Interestingly, she continued to lactate (not huge amounts, but still) for several years after stopping breastfeeding and getting implants!

I'm not going to debate that choice with anyone, but I will say that for me, I'm not above plastic surgery to correct any changes that I personally don't like in my breasts, when I'm done breastfeeding. I may not need to, but I'm aware there is a possibility there! But it surely wouldn't stop me from breastfeeding... even if I didn't think I could do that.

The reality is that we each have to like ourselves at the end of the day and not worry about whether someone thinks we're "giving in to society" or "proudly wearing our breastfed boobs". At some point we gotta just say NO to the MommyWars about what should be important to who.

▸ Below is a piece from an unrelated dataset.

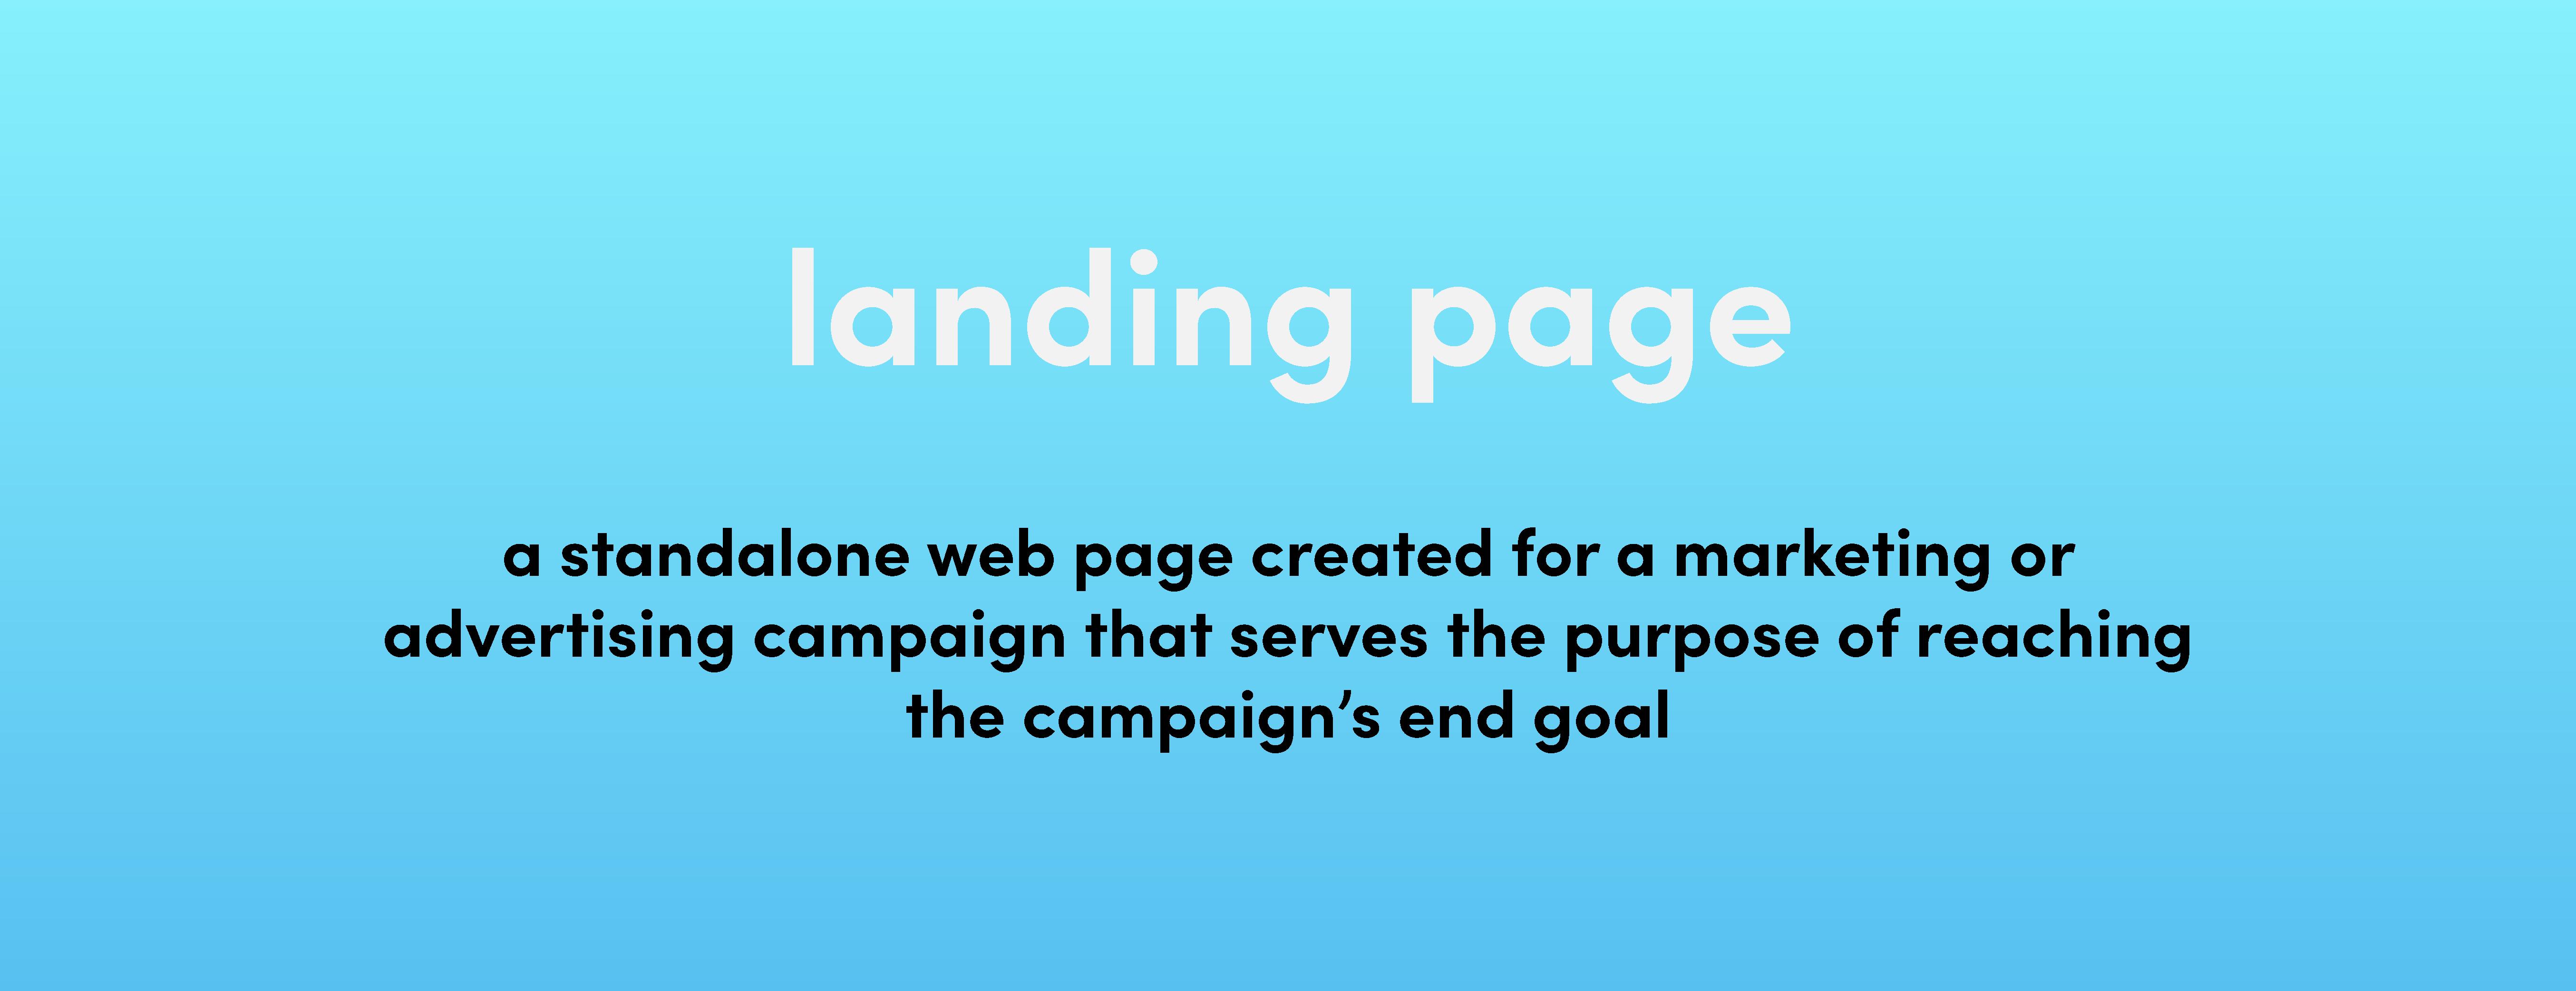 landing page definition on blue backgroud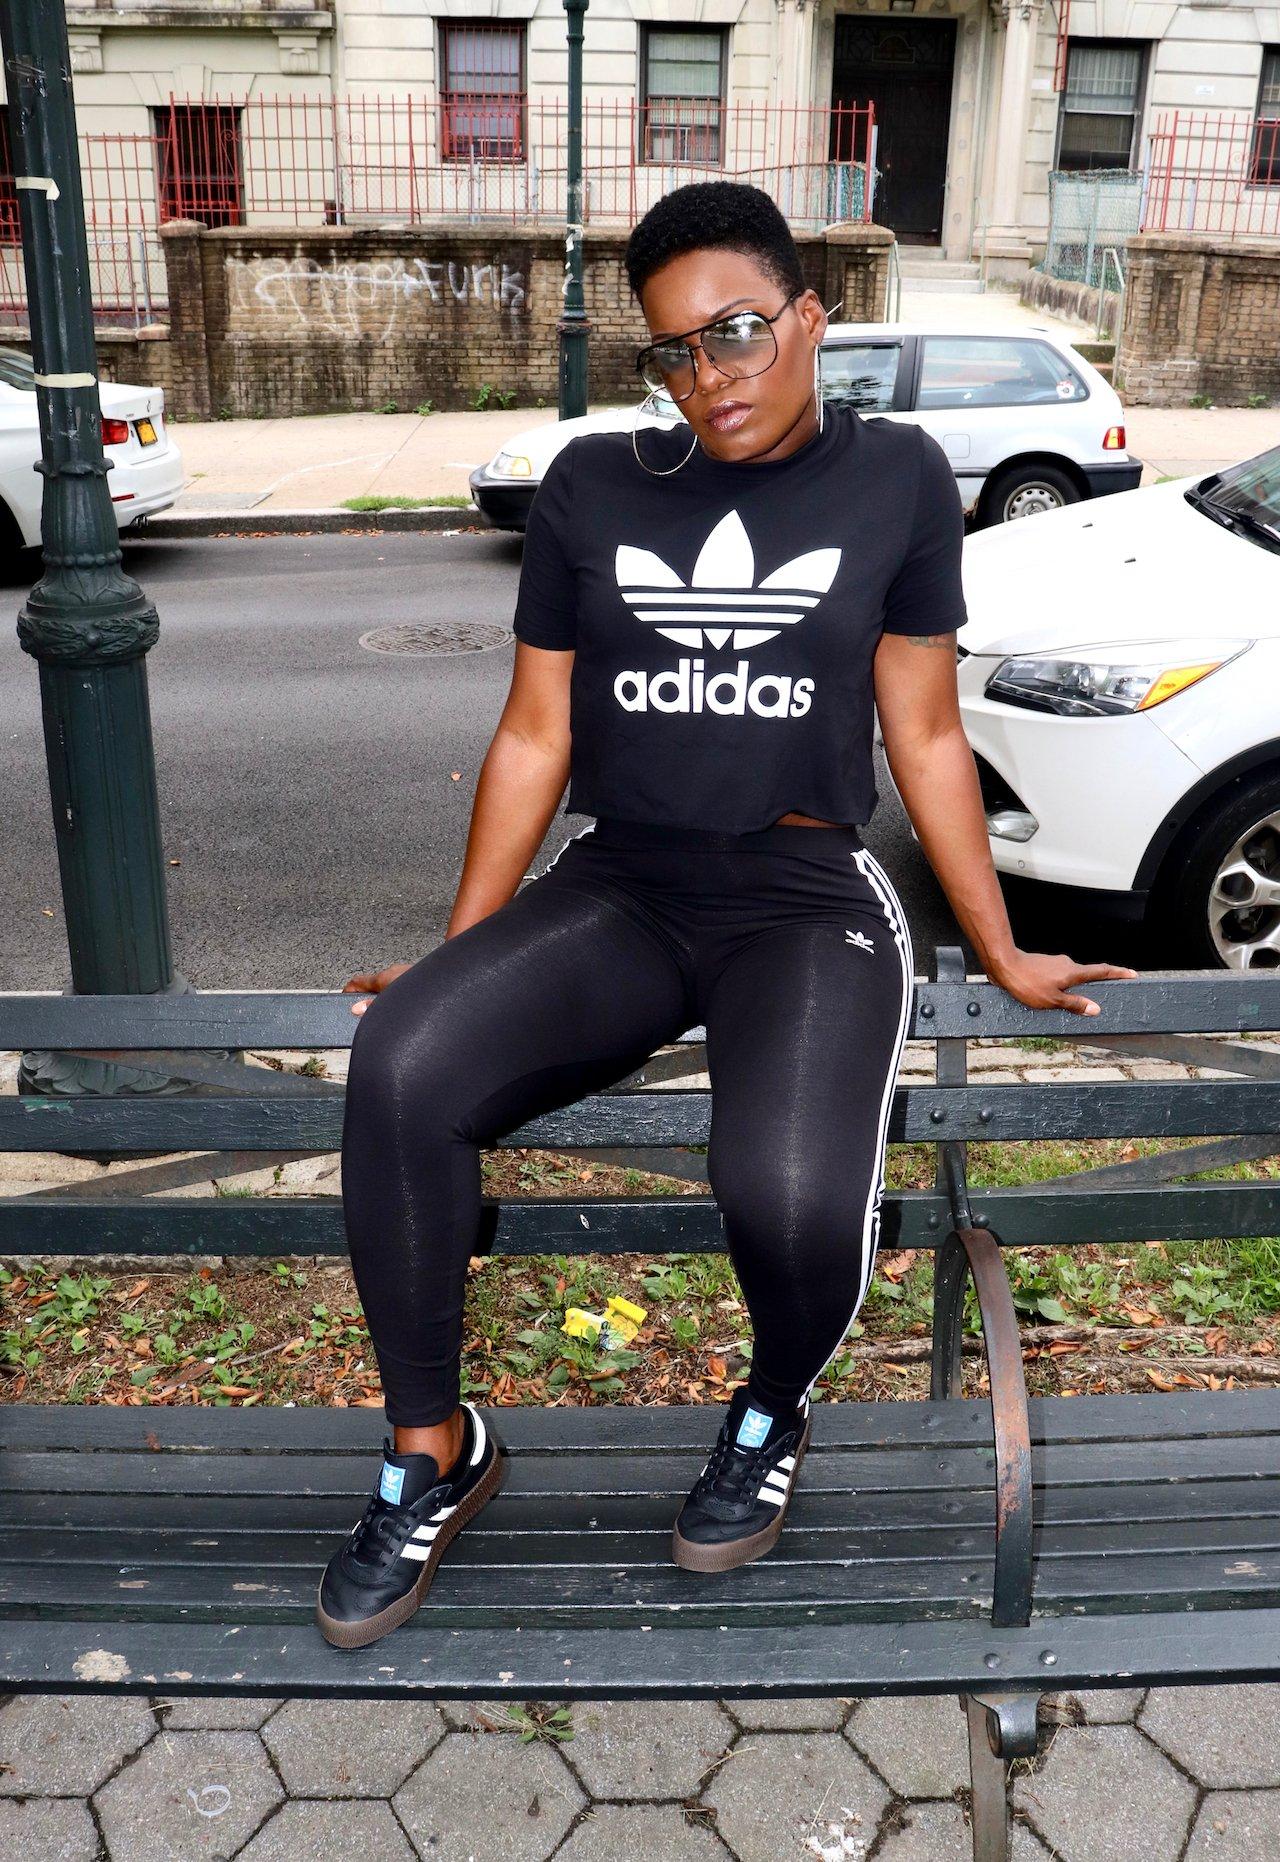 Adidas 3 Stripe Leggings, Trefoil Tee and Samba Rose Sneakers

Breast appearance is going to be more important to some than others, and that is ok. Breasts will change more in some women than others, and that is ok too.

Pandora, perky 36D's! Girl, wow!!! Mine are still kinda perky but only because they are little, gosh darnit!

BTW any MAN who would give a woman crap about her boobs being ruined should be... well I know we don't believe in corporal punishment here, so I'll stop, but I find it very tempting for a man like that. My comment is about WOMEN making choices for themselves... not MEN choosing for us.
post #37 of 86
Well I just don't see what all the fuss is about. Pregnancy and breastfeeding has been very good to my breasts and they are better than ever! I was a 34B with flat, almost non-existant nipples before I ever had children. Getting started breastfeeding was a PITA with my first because my nips were so flat. But time wore on and changed that dramatically, and when I gave birth to my 2nd he had no troubles latching on. Heck I can lay flat on my back in bed with him next to me and he can still reach my breast. They seem to have permanently changed sizes to a 36C, and they're still pretty perky- but they definitely move around a lot more and they are soft like pillows : My breasts are doing what they're supposed to do, hubby likes them even more than before, and I get the pride and satisfaction that comes with watching my baby bloom into a chubby little angel with milk dribbling out the side of his mouth
post #38 of 86
Quote:
Originally Posted by annettemarie View Post
I like "change" over "ruin," as a word choice.


Another word I like is "mature." As in, your breasts start to develop around age 10, but they won't finish maturing until after you've had children. Basically looking at perky, pre-baby breasts as "undeveloped" and post-baby breasts as "normal" rather than seeing pre-baby breasts as "normal" and post-baby breasts as "ruined."
post #39 of 86
I want to get a shirt that says "Boobs change. Get over it."
post #40 of 86
Quote:
Originally Posted by prettypixels View Post
Pandora, perky 36D's! Girl, wow!!! Mine are still kinda perky but only because they are little, gosh darnit!

BTW any MAN who would give a woman crap about her boobs being ruined should be... well I know we don't believe in corporal punishment here, so I'll stop, but I find it very tempting for a man like that. My comment is about WOMEN making choices for themselves... not MEN choosing for us.

Thems not perky anymore, they USED to be...but I aged, I had a baby (soon to be two babies) Nursed, and whatnot..I used my breasts for what they were meant for...I dont care. Sure I"m gonna get a reduction if the excersise regime doesn't help alleviate the back pain they cause (I'm only 5' tall) but that's AFTER I wean this new babe and ONLY for my health. I chose to live with the discomfort till I was done having and nursing children...knowing full well the reprocussions on nursing if i did get a reduction before then.